PROBLEM STATEMENT
Leaving out every picture, copy the lines of the material below exactly, from the line containing "Pánská společenská obuv" through the line containing "Silk Fabric Enveloping 3D Podium Image".

PROVIDED RECORDS below:

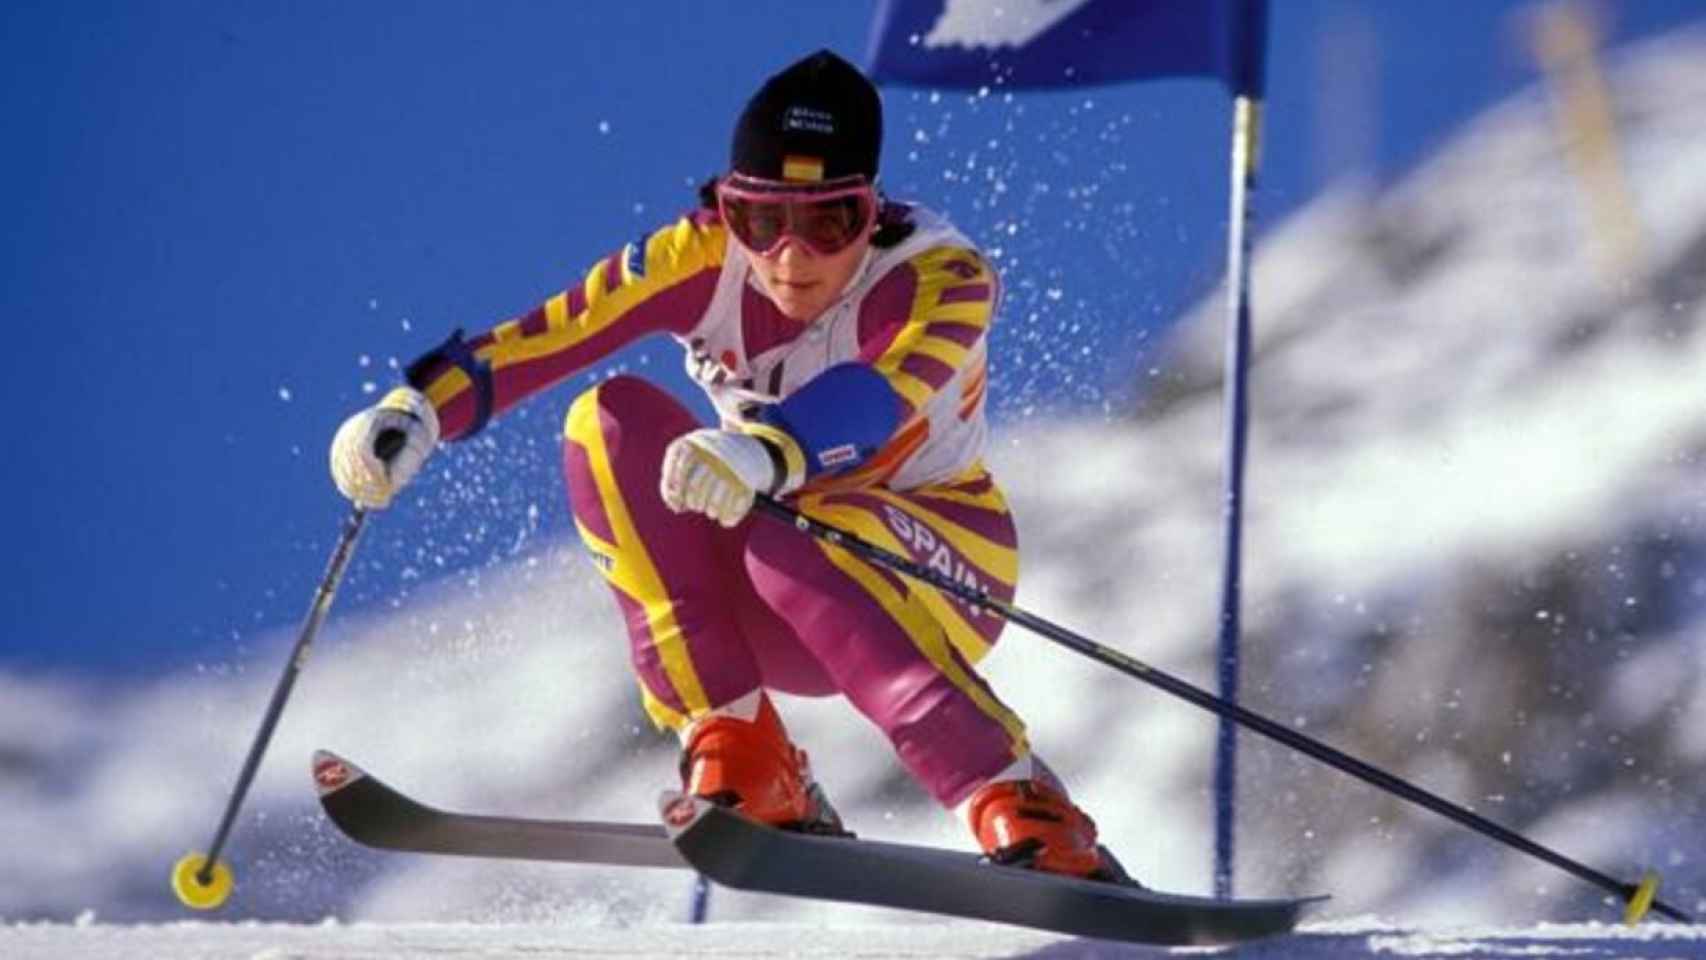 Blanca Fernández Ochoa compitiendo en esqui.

End of PROVIDED RECORDS.
PROVIDED RECORDS below:

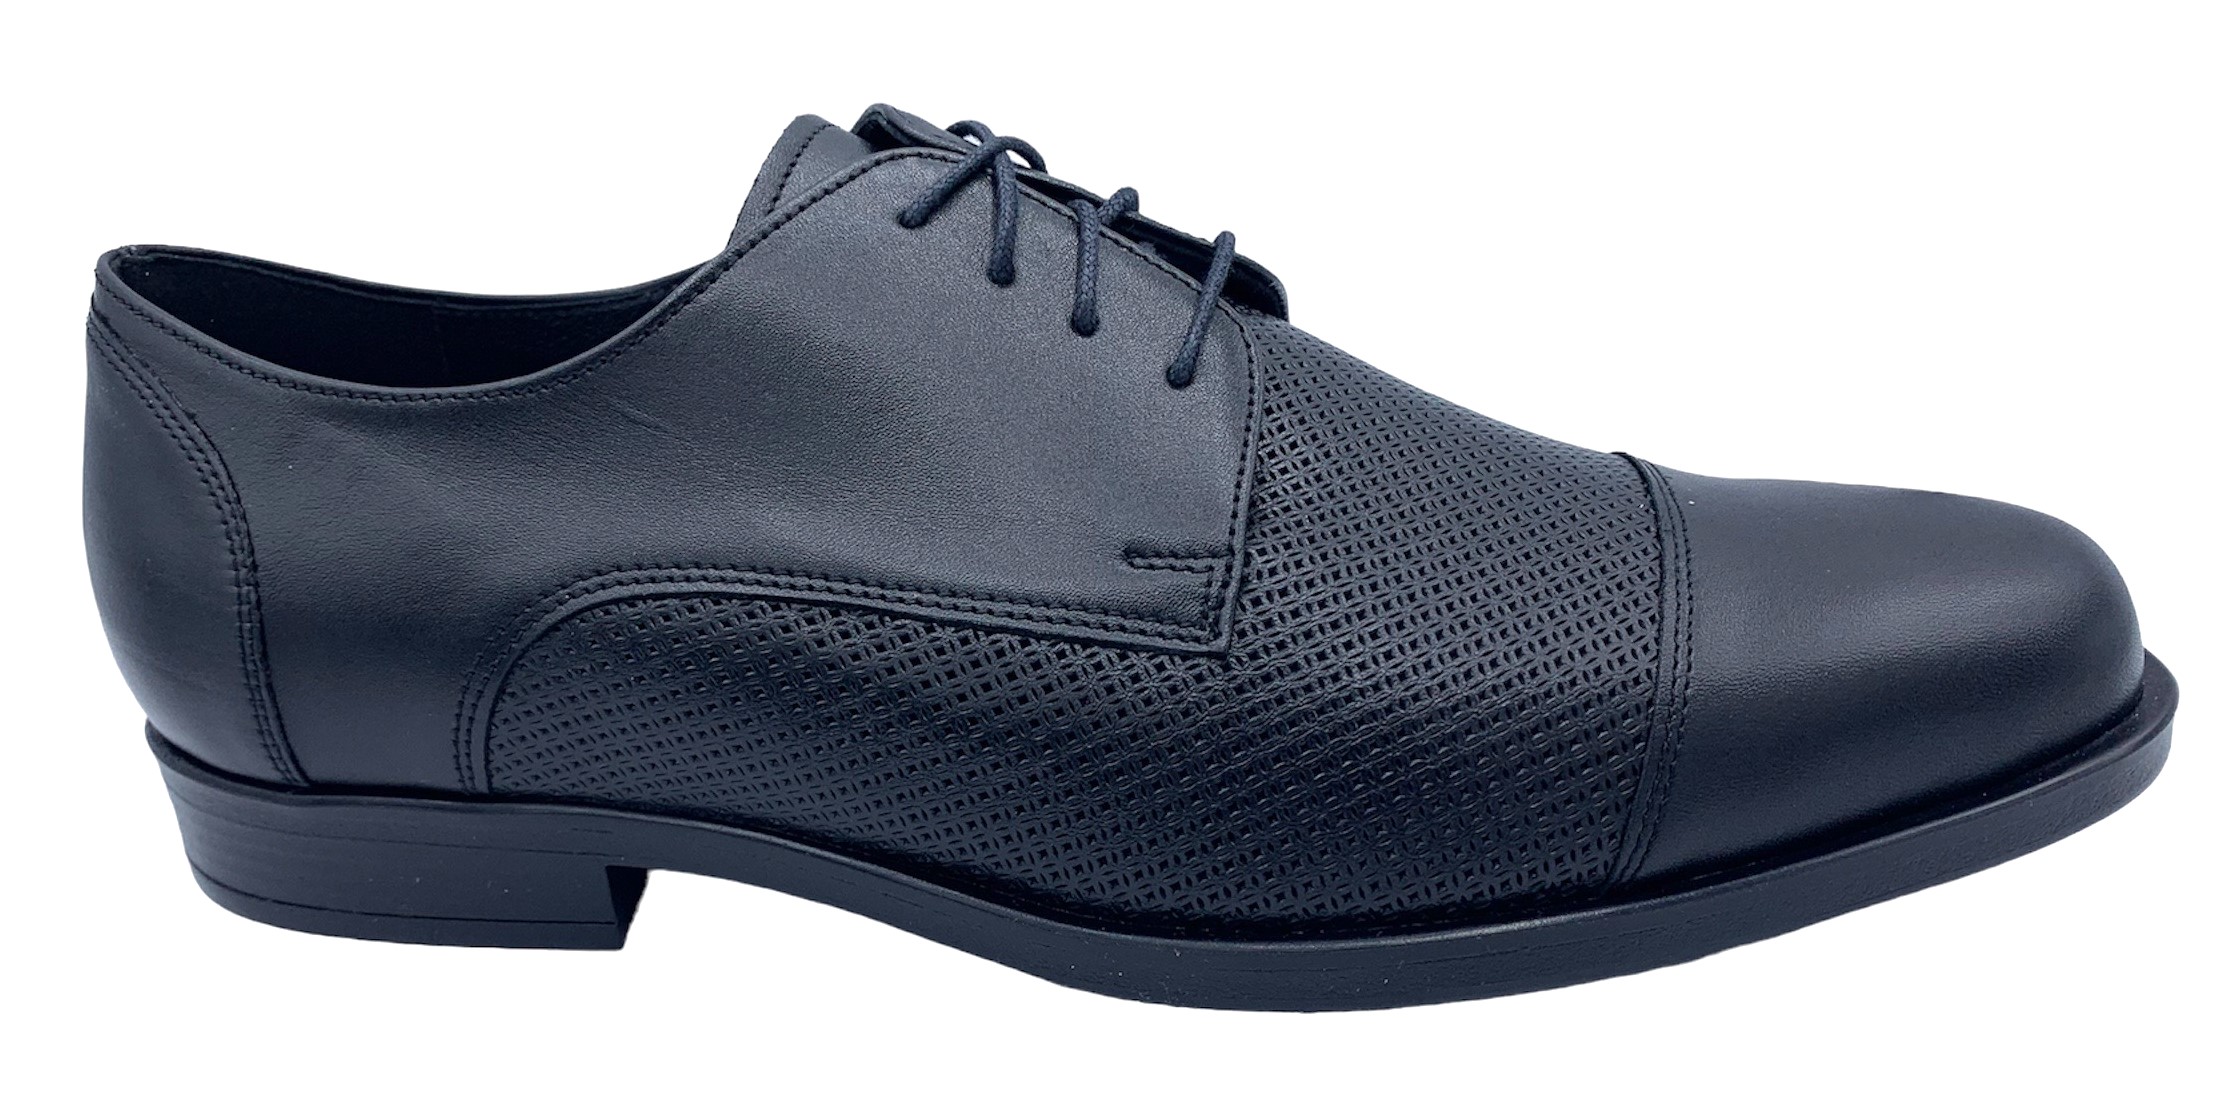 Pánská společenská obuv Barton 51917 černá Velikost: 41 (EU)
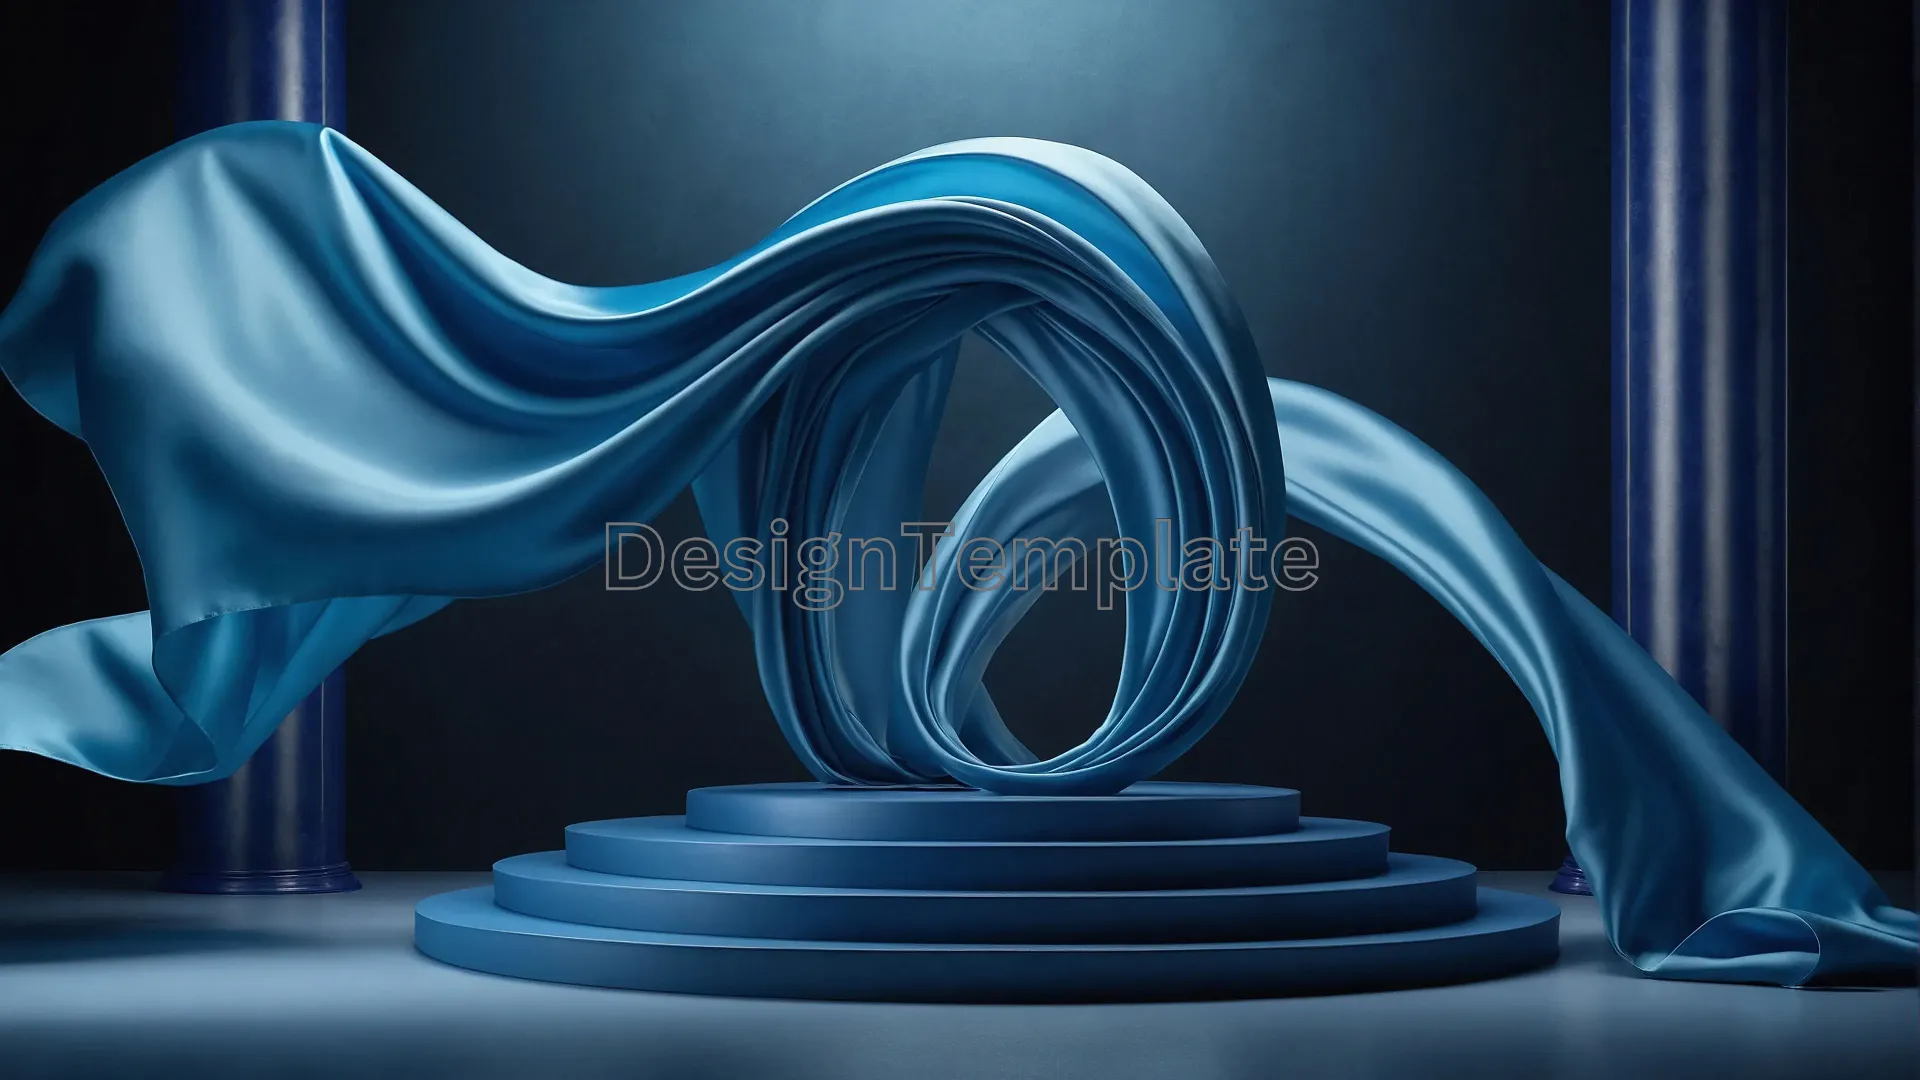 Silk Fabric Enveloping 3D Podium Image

End of PROVIDED RECORDS.
PROVIDED RECORDS below:

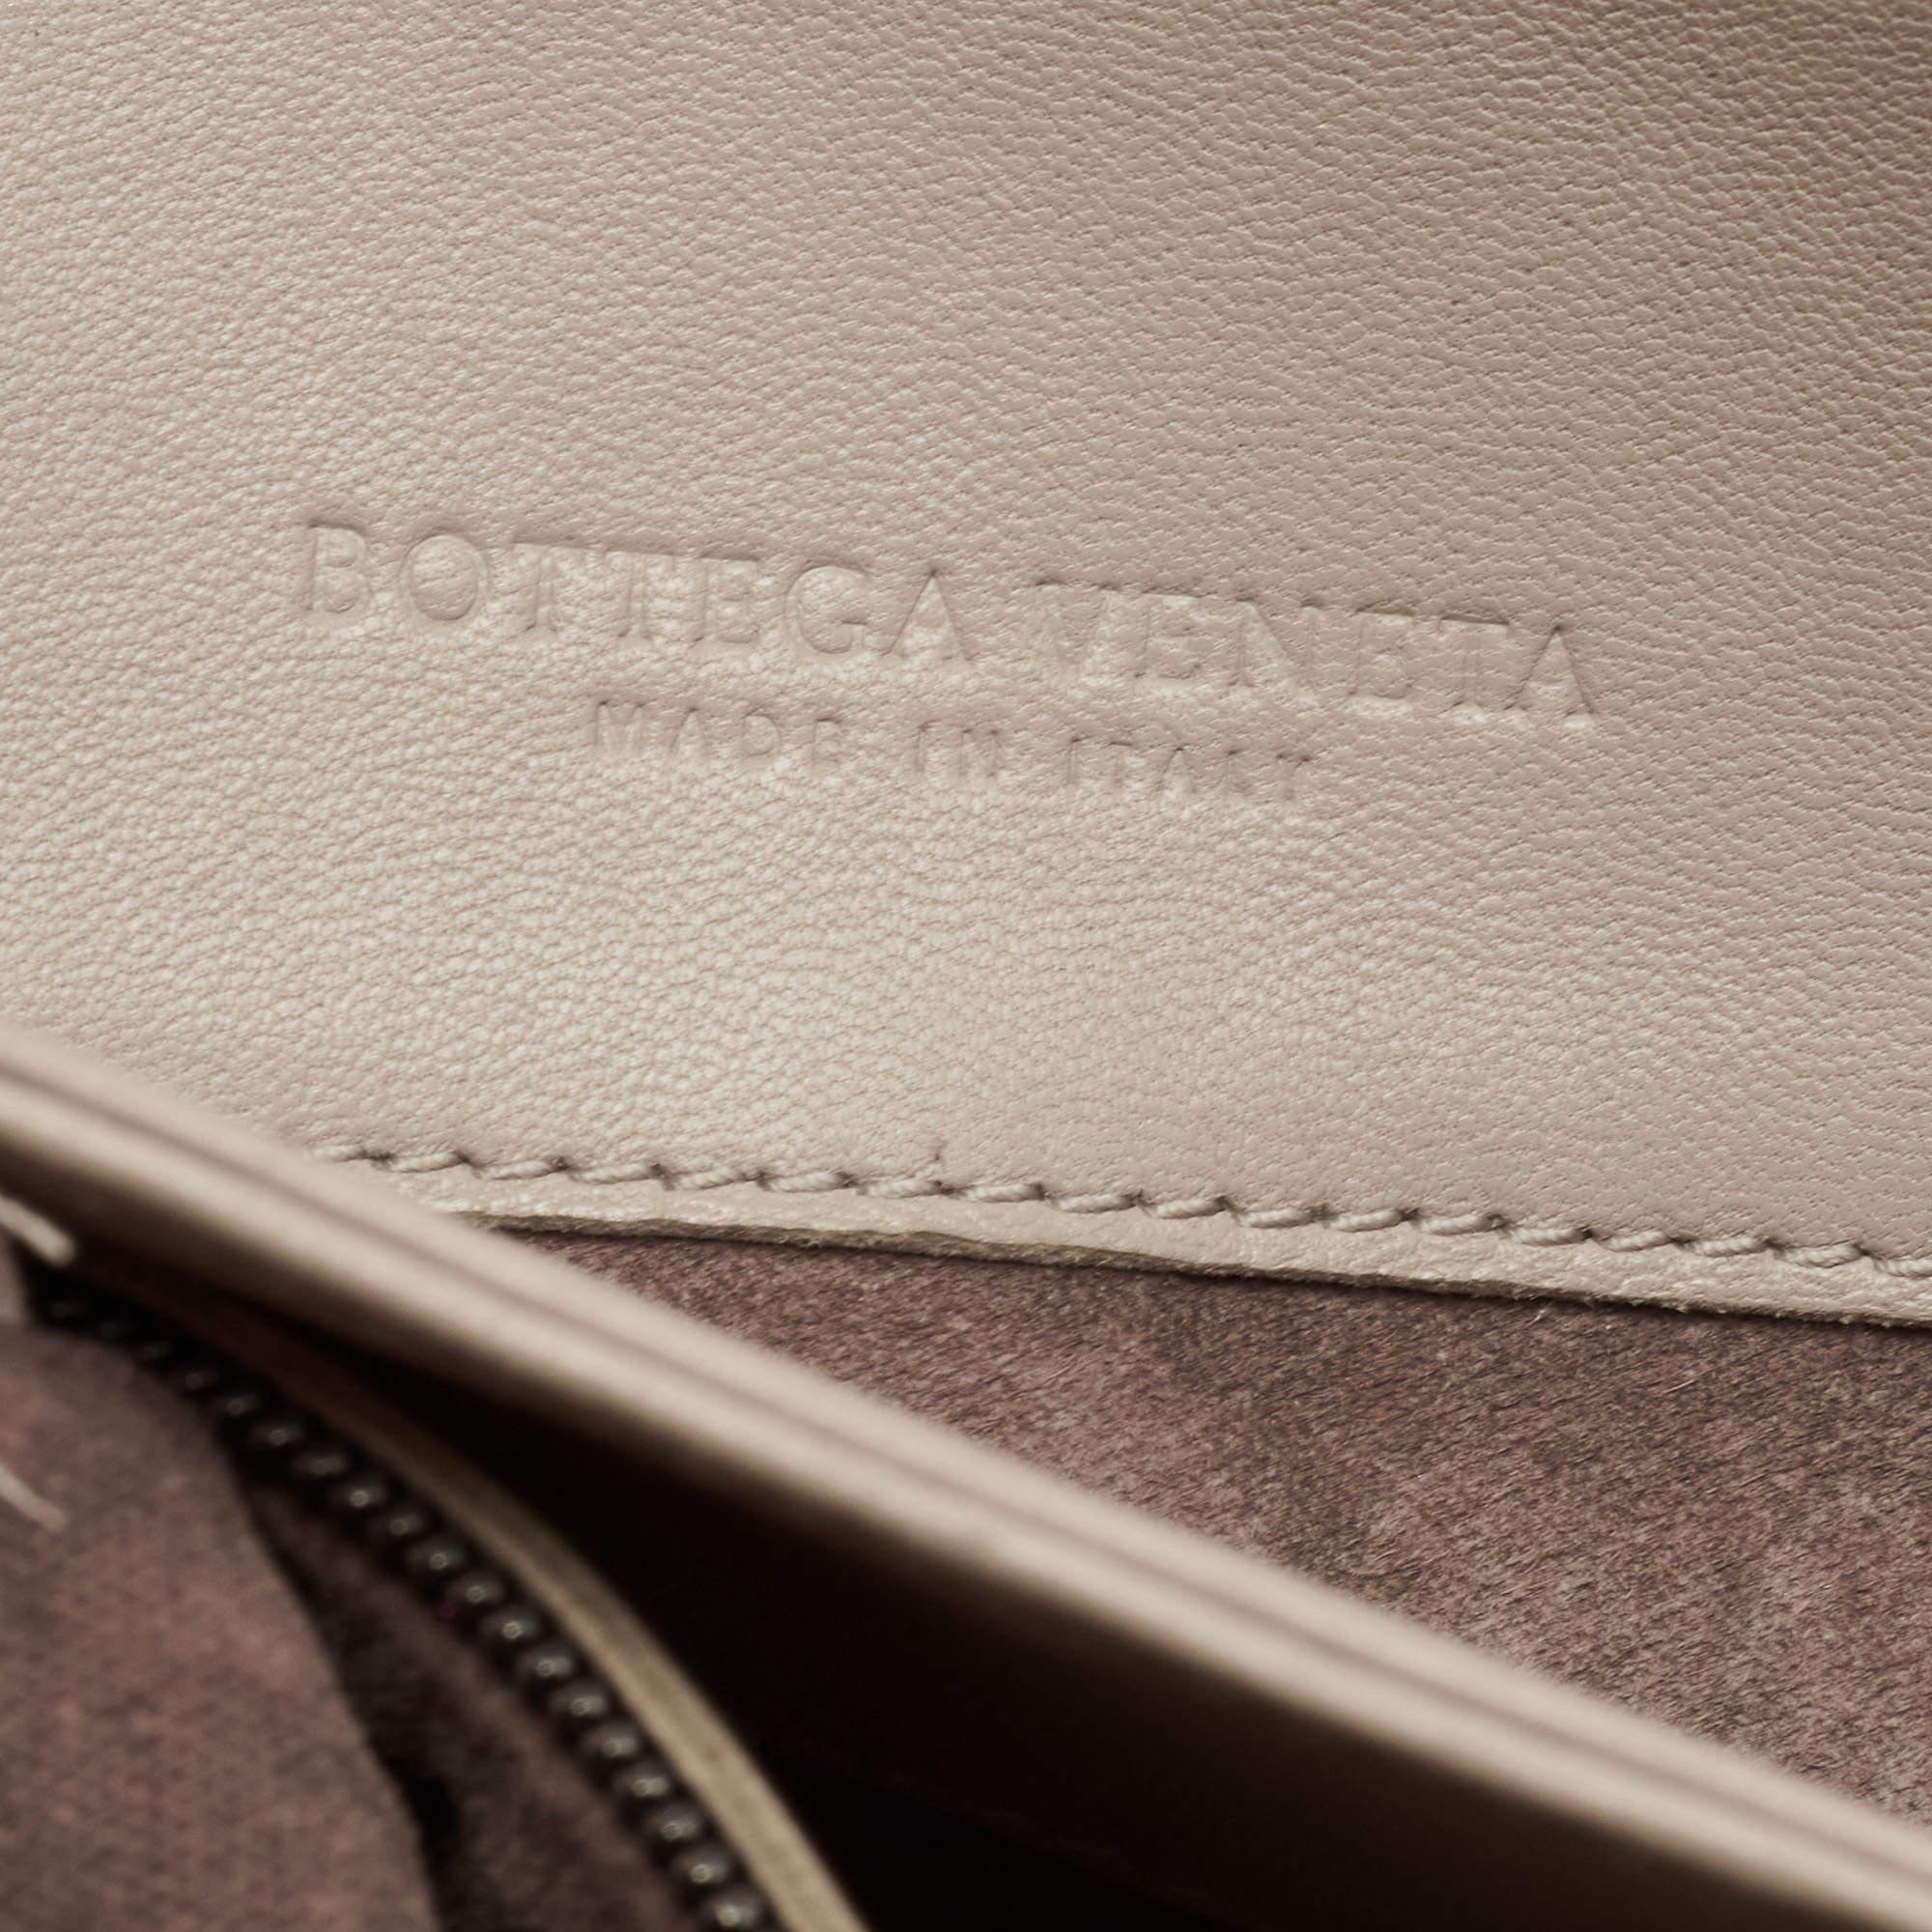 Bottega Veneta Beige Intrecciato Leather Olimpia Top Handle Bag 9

End of PROVIDED RECORDS.

OUTPUT OF THE EXERCISE
 Pánská společenská obuv Barton 51917 černá Velikost: 41 (EU)
 Silk Fabric Enveloping 3D Podium Image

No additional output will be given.